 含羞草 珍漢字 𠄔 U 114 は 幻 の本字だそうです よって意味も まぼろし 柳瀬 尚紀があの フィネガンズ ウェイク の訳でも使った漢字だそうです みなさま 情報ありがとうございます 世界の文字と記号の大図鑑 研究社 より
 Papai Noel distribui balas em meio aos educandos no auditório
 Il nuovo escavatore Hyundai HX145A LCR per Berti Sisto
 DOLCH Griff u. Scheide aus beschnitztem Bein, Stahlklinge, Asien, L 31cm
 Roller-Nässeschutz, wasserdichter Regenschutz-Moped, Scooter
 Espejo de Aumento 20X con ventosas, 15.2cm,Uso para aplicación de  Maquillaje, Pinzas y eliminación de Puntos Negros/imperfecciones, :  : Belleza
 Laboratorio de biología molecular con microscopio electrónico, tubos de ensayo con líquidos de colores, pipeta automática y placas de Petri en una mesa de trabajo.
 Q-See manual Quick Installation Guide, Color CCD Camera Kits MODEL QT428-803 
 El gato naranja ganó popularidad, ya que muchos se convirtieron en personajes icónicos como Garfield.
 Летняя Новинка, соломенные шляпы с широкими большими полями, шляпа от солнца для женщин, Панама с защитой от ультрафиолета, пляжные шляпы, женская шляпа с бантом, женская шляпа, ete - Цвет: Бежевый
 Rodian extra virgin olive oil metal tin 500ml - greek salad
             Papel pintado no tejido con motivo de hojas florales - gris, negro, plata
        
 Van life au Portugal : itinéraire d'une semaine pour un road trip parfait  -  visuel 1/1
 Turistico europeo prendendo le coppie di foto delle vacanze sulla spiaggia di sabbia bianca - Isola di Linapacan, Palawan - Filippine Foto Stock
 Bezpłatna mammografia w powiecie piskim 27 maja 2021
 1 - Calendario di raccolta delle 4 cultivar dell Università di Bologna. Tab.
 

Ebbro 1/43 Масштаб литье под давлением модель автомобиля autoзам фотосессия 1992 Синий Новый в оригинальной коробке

◆ **The problem**
With "delle" as the search string, filter the records and return each line that has it.

◆ **Response to the exercise**
 Turistico europeo prendendo le coppie di foto delle vacanze sulla spiaggia di sabbia bianca - Isola di Linapacan, Palawan - Filippine Foto Stock
 1 - Calendario di raccolta delle 4 cultivar dell Università di Bologna. Tab.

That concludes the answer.